= Pride of Mississippi Marching Band =

Marching band of the University of Southern Mississippi

The Pride of Mississippi Marching Band is the marching band of the University of Southern Mississippi. The band performs at all football games featuring the Southern Miss Golden Eagles football team.

==History==

The band was founded in 1920 by director Audie F. Fugitt. Originally a 20-piece brass ensemble (with an instrumentation of 1 Clarinet, 1 Alto Saxophone, 7 Cornets (including Fugitt), 2 Mellophones, 1 Tenor Horn, 3 Trombones, 1 Baritone Horn, 1 Sousaphone, 2 Snare Drums, and 1 Bass Drum in 1923), the current band numbers about 300.

The band performed at Franklin D. Roosevelt's inaugural parade in the 1930s, various gubernatorial inaugurations, the Senior Bowl Classics and professional and collegiate bowl games. The Pride has toured throughout the United States and to England and Ireland.

In 1977, when Jimmy Carter was sworn in as 39th President of the United States in Washington, D.C., members of the Southern Miss Pride of Mississippi Marching Band were invited by him to be present; twenty-five members from each college band in Mississippi were selected by their college directors to make up an All-Star Band to represent Mississippi in the inaugural parade in Washington. The band rehearsed in Jackson, Mississippi prior to flying to Washington on the "Peanut Special" (plane that brought the Carter Family to Washington, where they participated in the event).

Although mainly made up of music majors enrolled in the University of Southern Mississippi School of Music, the Pride of Mississippi is open to all students enrolled at the University of Southern Mississippi. Scholarships are offered to both music majors as well as non-majors.
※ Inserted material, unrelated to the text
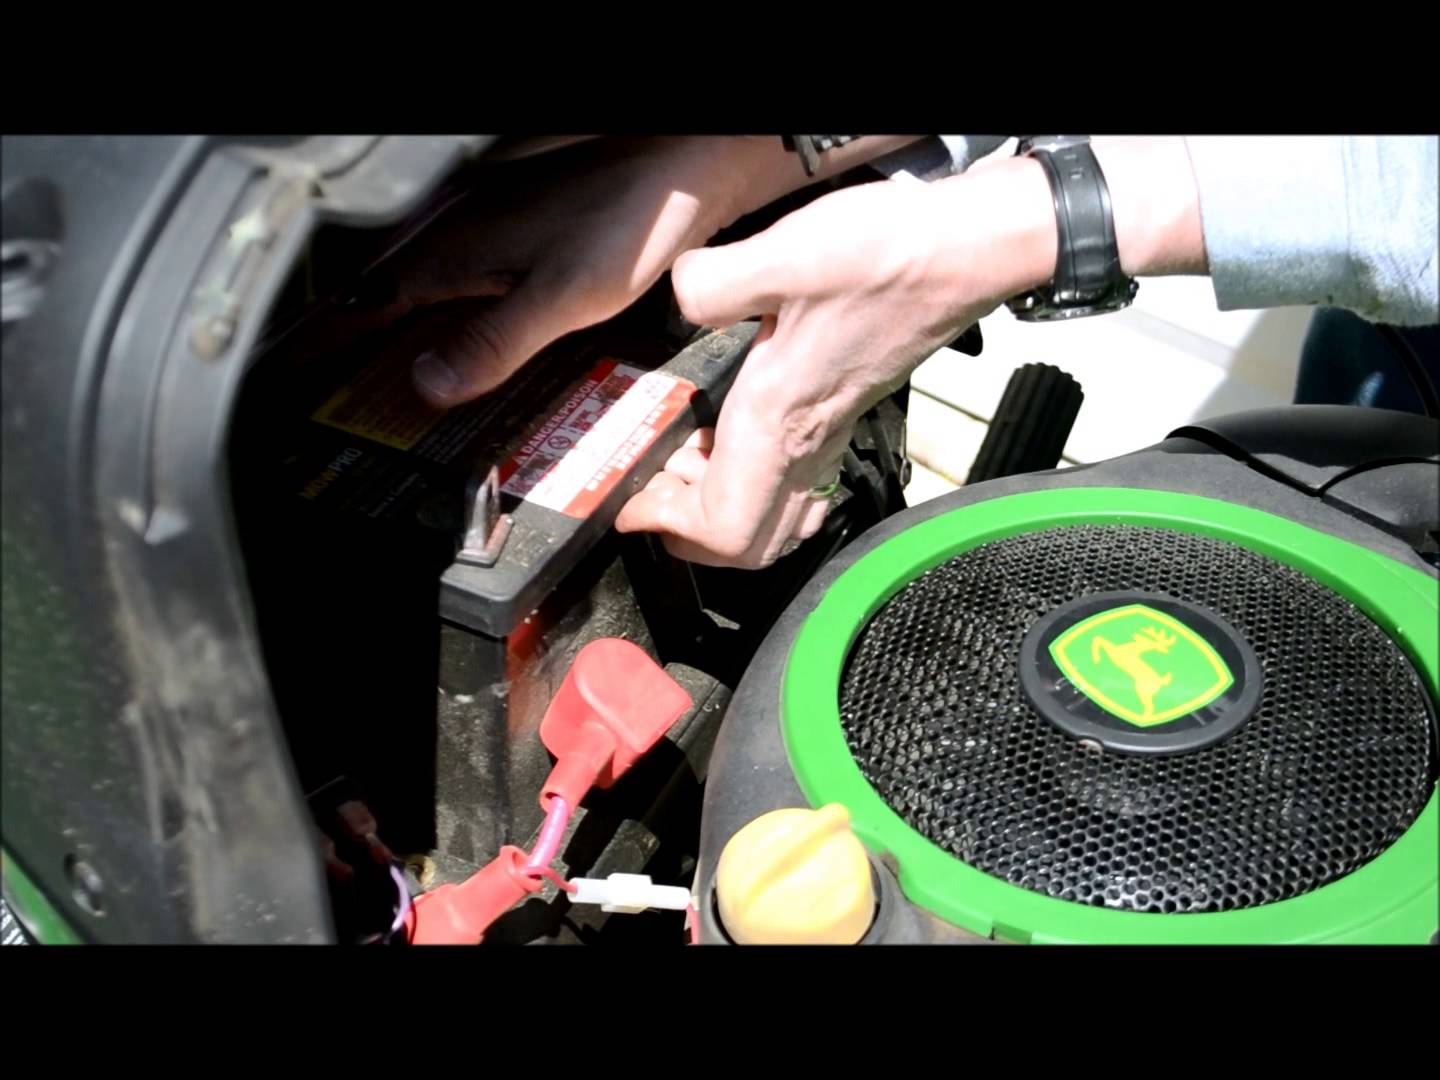 John Deere Lawn Tractor Battery Change: A guide - YouTube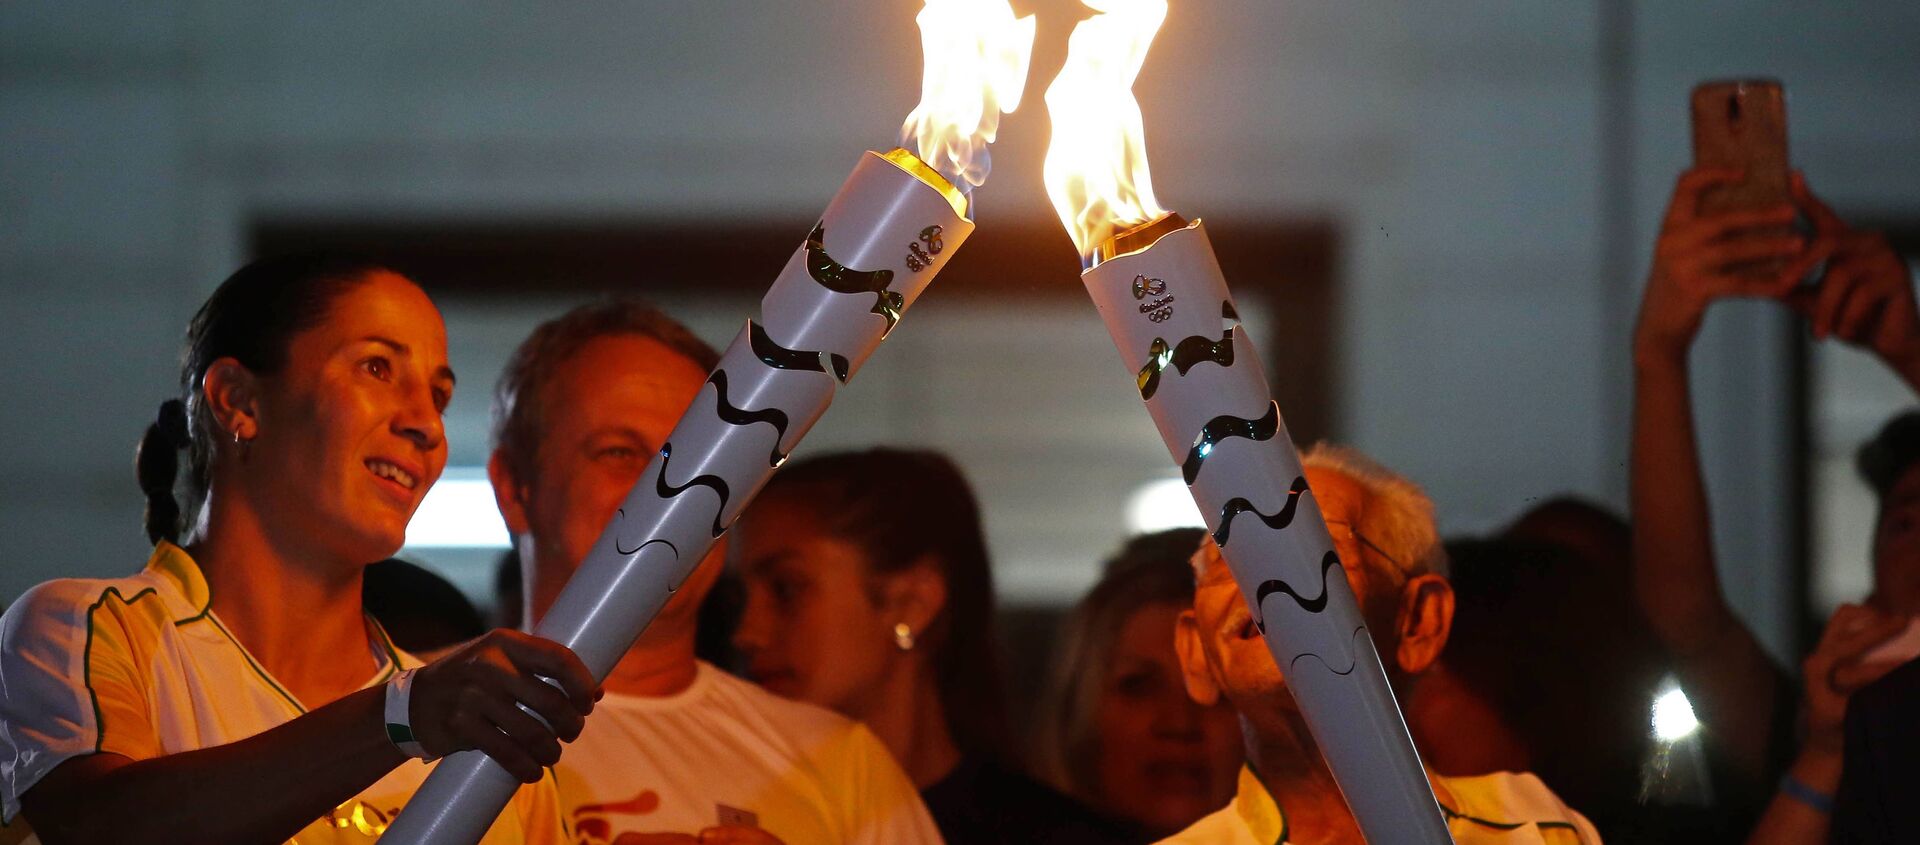 Спортсмены участвуют в эстафете олимпийского огня в Бразилии - Sputnik Грузия, 1920, 03.06.2021

The Pride of Mississippi was referred to in the 1980s as the most televised band in the land for being televised on national television numerous times as well as supposedly being placed in the Guinness Book of World Record for this feat.

In 2009, The Pride was selected to march in the 2010 Macy's Thanksgiving Day Parade, making it the first university marching band in Mississippi to be selected for this honor.

In March 2015, The Pride of Mississippi traveled to Ireland to compete in the Limerick International Band Championships and in the Dublin St Patrick's Day Parade/Festival. The Pride won the Limerick competition as the "Best Band Overall". In the Dublin parade, The Pride won the "Best Adult Marching Band" title.